Plan-and-Execute Agents

Plan-and-Execute Agents

4 min read

TL;DR: We’re introducing a new type of agent executor, which we’re calling “Plan-and-Execute”. This is to contrast against the previous types of agent we supported, which we’re calling “Action” agents. Plan-and-Execute agents are heavily inspired by BabyAGI and the recent Plan-and-Solve paper. We think Plan-and-Execute is great for more complex long term planning, at the cost of more calls to the language model. We're putting the initial version of this in the experimental module as we expect rapid changes.

Links:

Up until now, all agents in LangChain followed the framework pioneered by the ReAct paper. Let’s call these “Action Agents”. The algorithm for these can roughly be expressed in the following pseudo-code:

  • Some user input is received
  • The agent decides which tool - if any - to use, and what the input to that tool should be
  • That tool is then called with that tool input, and an observation is recorded (this is just the output of calling that tool with that tool input)
  • That history of tool, tool input, and observation is passed back into the agent, and it decides what step to take next
  • This is repeated until the agent decides it no longer needs to use a tool, and then it responds directly to the user.

This style has worked well up until now, but several things are changing which present some cracks in this algorithm:

  • User objectives are becoming more complex
  • Developers and organizations are starting to rely on agents in production

These have the dual effects of wanting agentic systems to be able to handle more complex requests yet also be more reliable. These two factors are combining to rapidly cause prompt sizes to increase:

  • As objectives are more complex, more and more past history is being included to keep the agent focused on the final objective while also allowing it to remember and reason about previous steps
  • As developers try to increase reliability they are including more instructions around how to use tools

The need for increasingly complex abilities and increased reliability are causing issues when working with most language models.
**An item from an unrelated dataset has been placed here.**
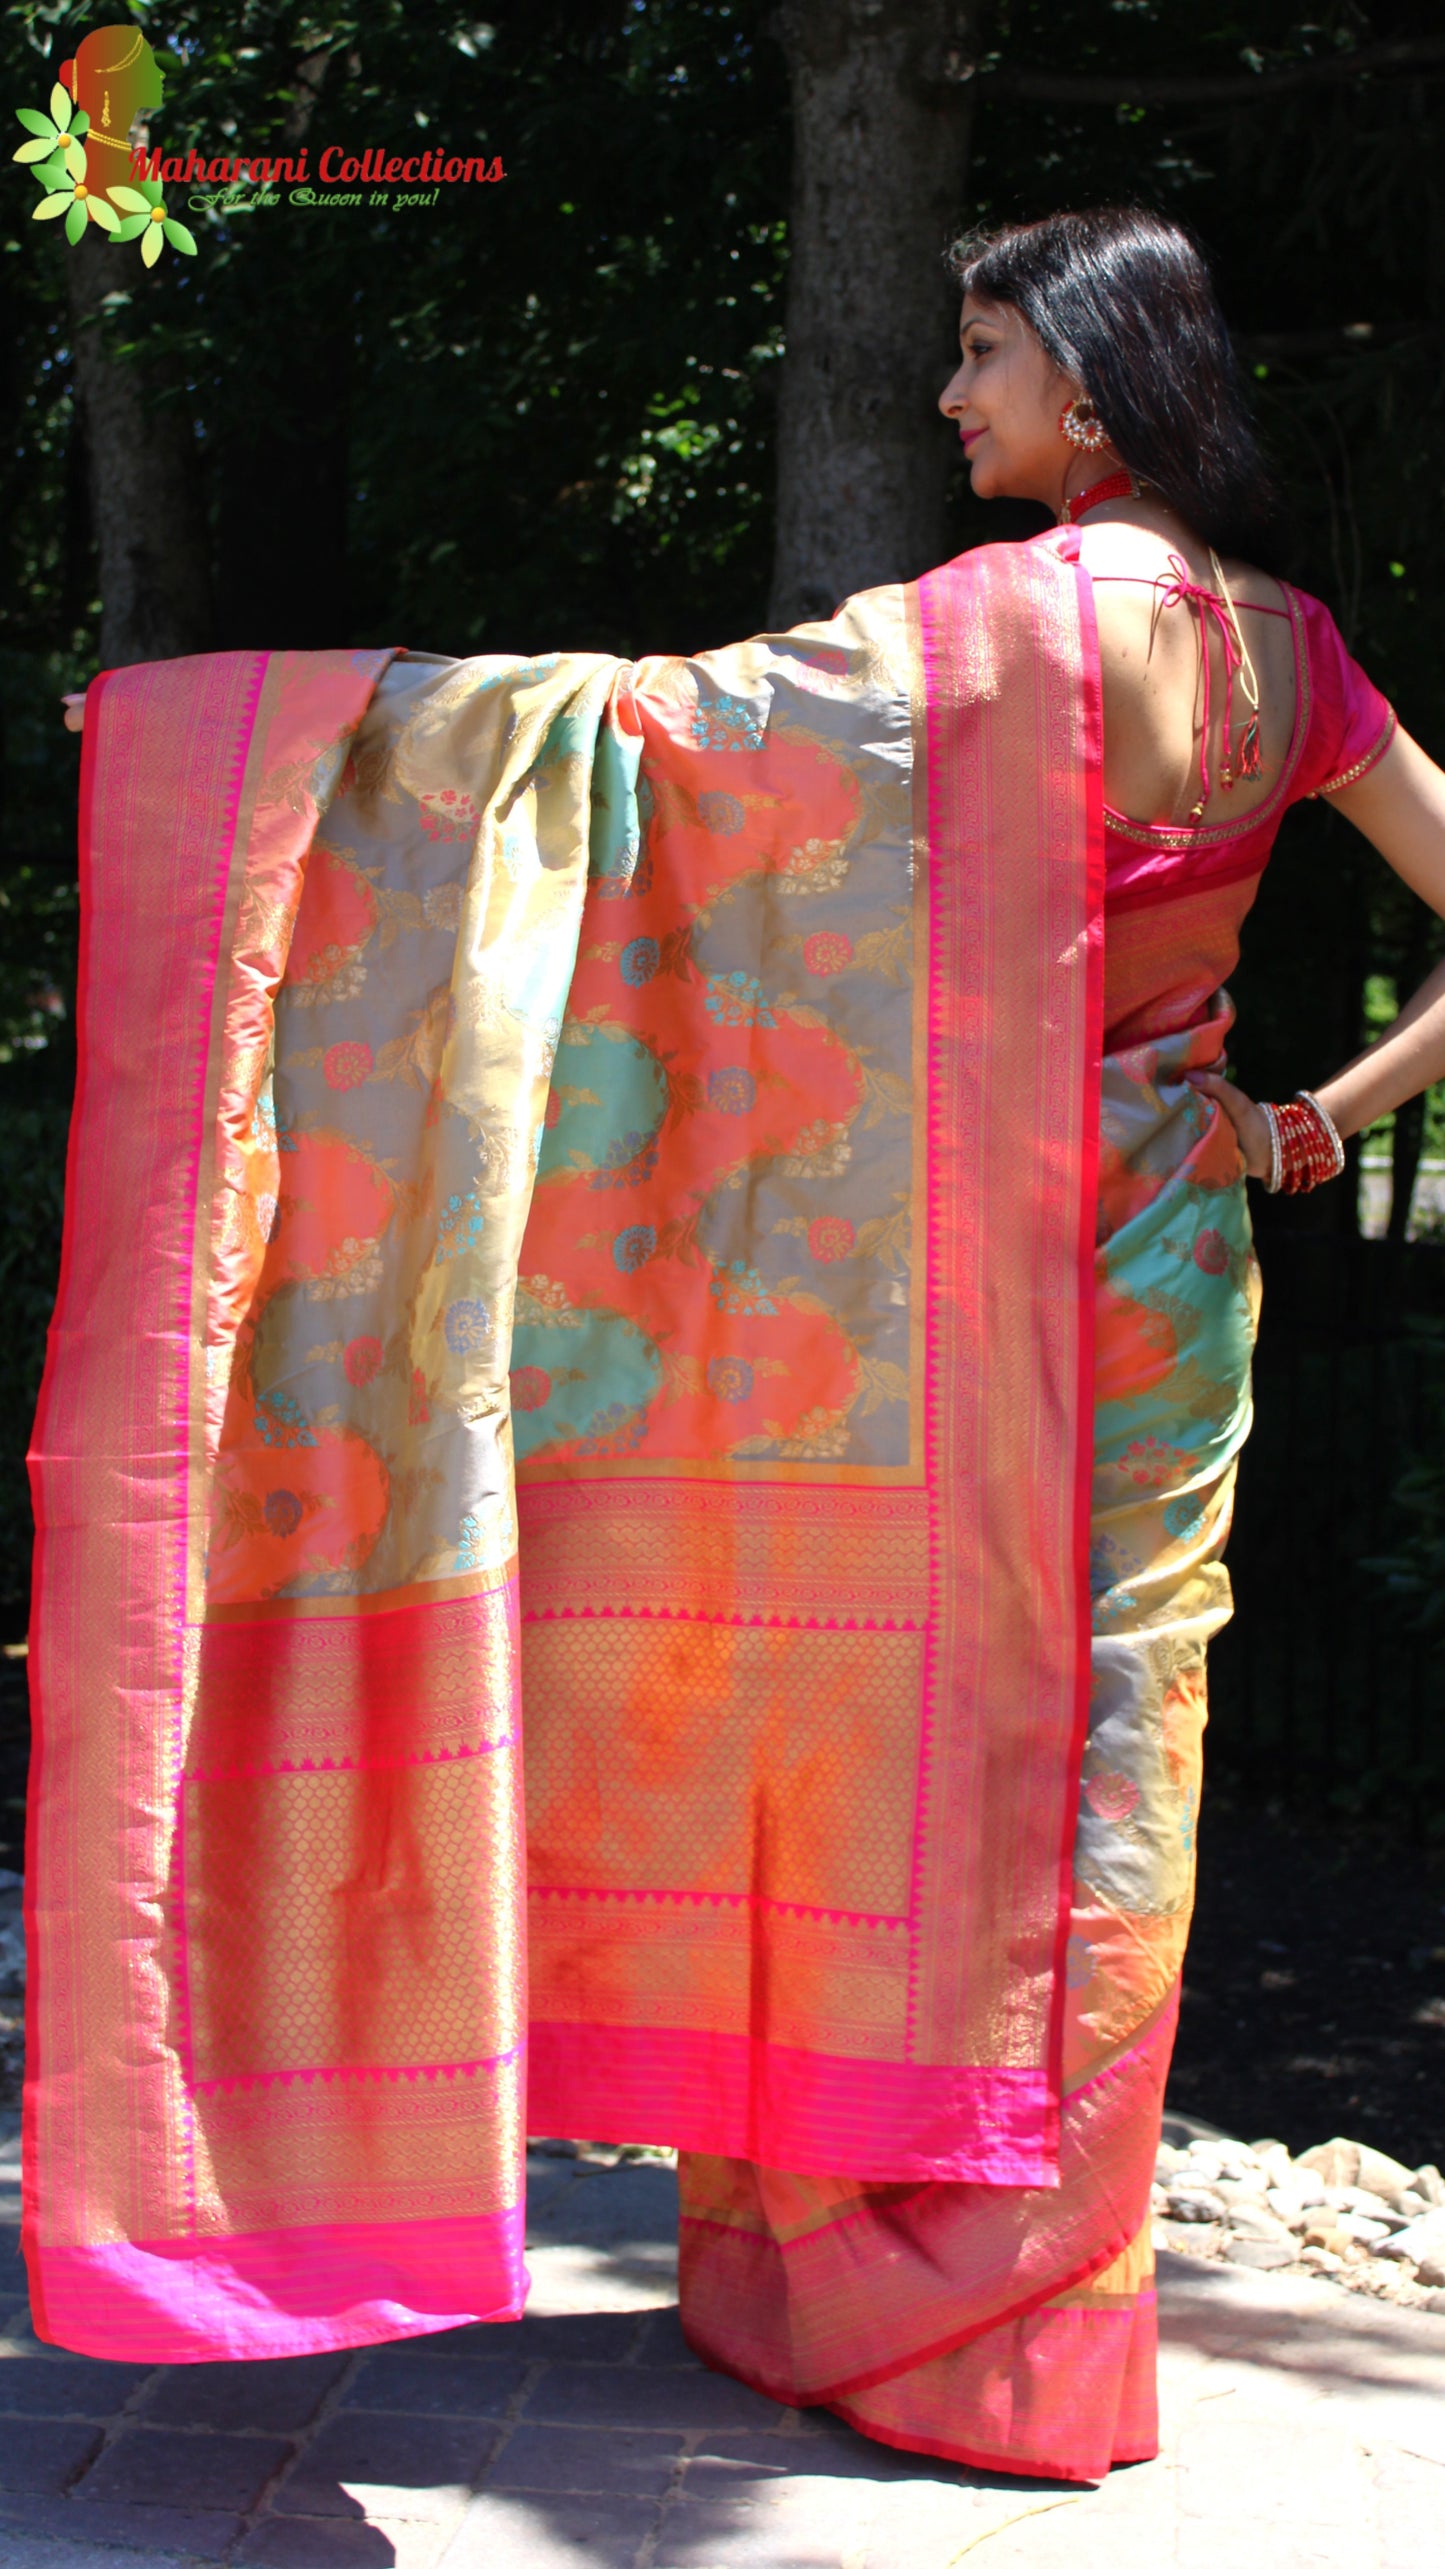 Maharani's Pure Banarasi Silk Saree - Orange and Teal (with stitched Blouse and Petticoat)

Plan-and-Execute Implementation

In that vein we’ve seen a new style of agent frameworks pop up. These agent frameworks attempt to separate higher level planning from shorter term execution. Specifically, they first plan steps to take, and then iteratively execute on those steps. There are of course a few interesting variants on this core algorithm (which we can talk about later). The pseudo-code for these agents, which we’re calling “Plan-and-Execute” agents, looks like:

  • Plan steps to take
  • For step in steps: determine the proper tools or other best course of action to accomplish that step

This is the core agent framework which is implemented in Python and TypeScript. This agent framework relies on two things: a planner and an executor.

Let’s talk about the planner first. This almost always should be a language model. This will utilize the language model’s reasoning ability to plan out what to do and deal with ambiguity/edge cases. We can add on an output parser at the end to parse the raw LLM output into a list of strings (each string being a step).

Now let’s talk about the executor. In our initial implementation we’ve made this an Action Agent. This allows for the executor agent to take in a high level objective (a single step) and figure out which tools to use to accomplish that (could be done in one step or two).

This approach has several benefits. It separates out planning from execution - this allows one LLM to focus exclusively on planning, and another to focus on execution. This allows for more reliability on both fronts. This also makes it easier in the future to swap out these components for smaller fine tuned models. The major downside of this approach is that it takes a lot more calls. However, due to the separation of concerns we’re hopeful that these calls can be to smaller (and therefore faster and cheaper) models.

Future Directions

We think this is just the start of plan-and-execute agents. Future directions include:

  • Better support for long sequences of steps. Right now the previous steps are passed around as a list - as planning steps getting longer and longer, we’ll want to store this in a vectorstore and retrieve intermediate steps
  • Revisiting plans. Right now there is one planning step at the start, but then that is never revisited. It is likely we will want to have some mechanism for revisiting and adjusting the plan, either every step or as needed.
  • Evaluation. Right now, a lot of these improvements are largely theoretical, or at the very least not benchmarked. We hope to have more rigorous ways of evaluating agent frameworks.
  • Selection of execution chain. Right now, there is a single execution chain. It could easily be the case that you would want multiple execution chains, and the planner can specify which one to use. For example, if you have one execution chain optimized for web research, one for analysis, etc.

It should be noted that for many of these future directions we can draw inspiration from existing work. For example, BabyAGI already uses a vectorstore to store intermediate steps and also revisits planning each iteration. The Plan-and-Solve paper does more rigorous evaluation of outputs with benchmarks.

Conclusion

We were really excited to see this new agent paradigm pop up in BabyAGI (we highlighted this as one of the big differentiators in our post a few weeks ago). We were equally excited to see the Plan-and-Solve paper emerge as a rigorous evaluation of similar ideas. We look forward to seeing how the Plan-and-Execute approach evolves - try it out here (Python) or here (JS).